In 2012, Ms. Cotton published a book about the role of the Citizenship Education Program in the Civil Rights Movement titled “If Your Back’s Not Bent”, Atria Books, publisher, a division of Simon & Schuster. In that same year, she traveled to the West Bank with an inter-faith delegation of twenty-three civil and human rights advocates and educators and clergy to meet with Israeli and Palestinian organizations and activists involved in the non-violent movement for Palestinian freedom and democracy.
Education
-Undergraduate work, Shaw University in Raleigh, North Carolina
-BA in English and Library Science, Virginia State College in Petersburg, Virginia, 1955
-Master’s degree in Speech Therapy, Boston University, 1960
Dorothy Cotton, the CEP for the 21st Century and the Dorothy Cotton Institute
Dorothy Cotton was one of the most important unsung heroes of the Civil Rights Movement and her accomplishments are a testament to the essential but often overlooked role of women in that and other liberation struggles. As Education Director of the Southern Christian Leadership Conference (SCLC) her leadership contributed significantly to a movement that has altered the course of social and political life in the United States and transformed the place of African Americans and all people of color in civic engagement and leadership.
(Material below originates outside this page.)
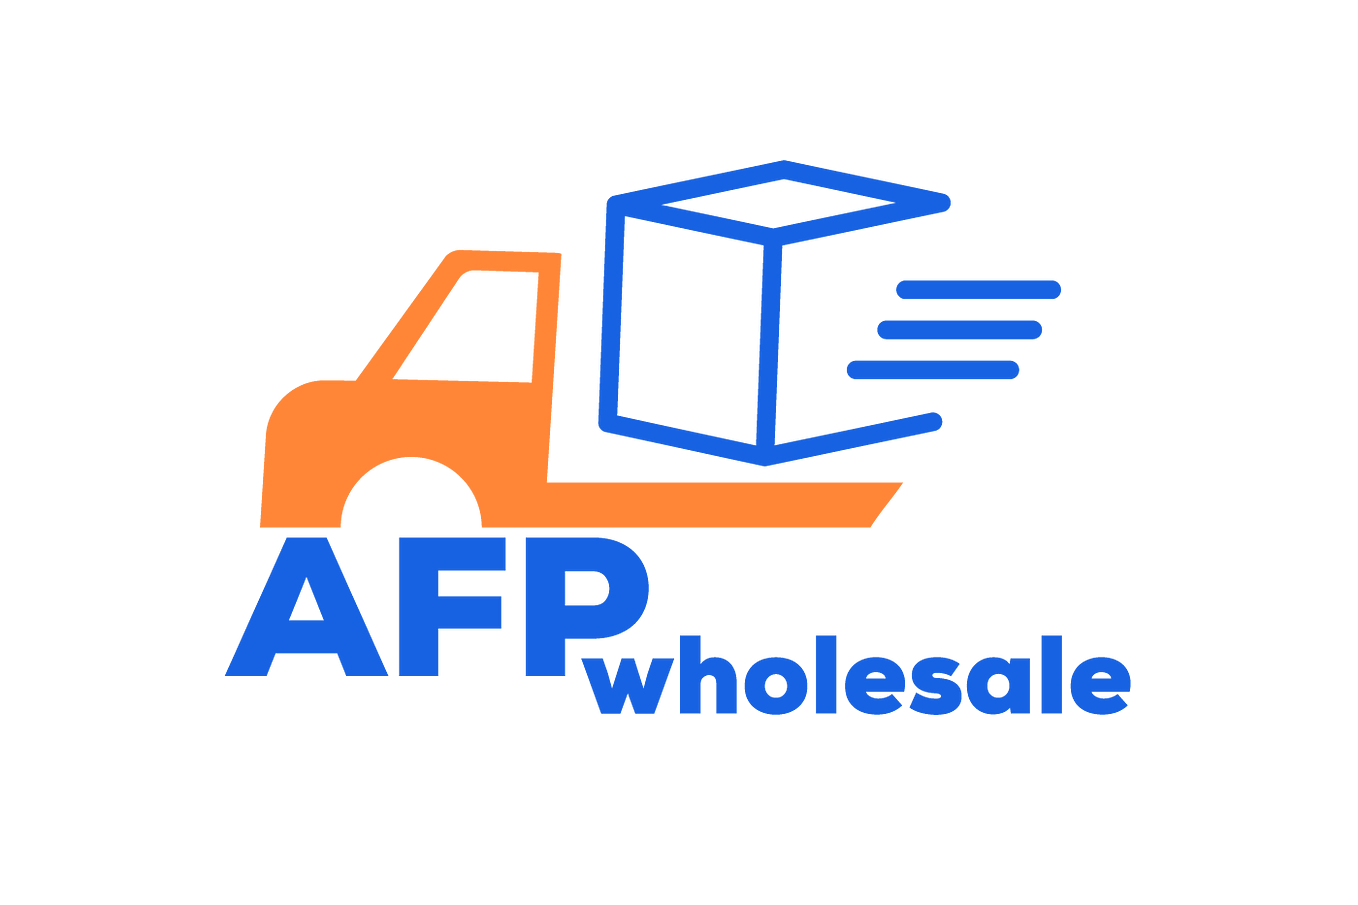 Our Website AFP Wholesale Medium

The Citizenship Education Program (CEP) led by Dorothy Cotton (with a team including Andrew Young, Bernice Robinson, Ben Mack, Victoria Gray Adams BJ Johnson, Annell Ponder and Septima Clark), was a critical component of the SCLC’s overall organizing strategy. The CEP helped ordinary people identify what was intolerable in their circumstances, envision the changes they desired, learn their civil rights, prepare for democratic engagement, and craft courageous strategies for organizing communities and speaking truth to power. It fostered the transformation of often poorly educated and disenfranchised people from “victims” to full “citizens.” The victories won as a result of this work and the systemic and social changes attained through the growing power of the African American electorate and its emerging leadership ultimately led to state and federal protections against discrimination in voting, access to public accommodations, housing and employment throughout the nation.
Ms. Cotton’s lifework – based on the philosophy and practices of nonviolence, reconciliation and restoration, and grassroots leadership development – offers valuable models for human rights education, practice, and leadership, upon which the Dorothy Cotton Institute will build.
Ms. Cotton died on June 10, 2018 in Ithaca, NY.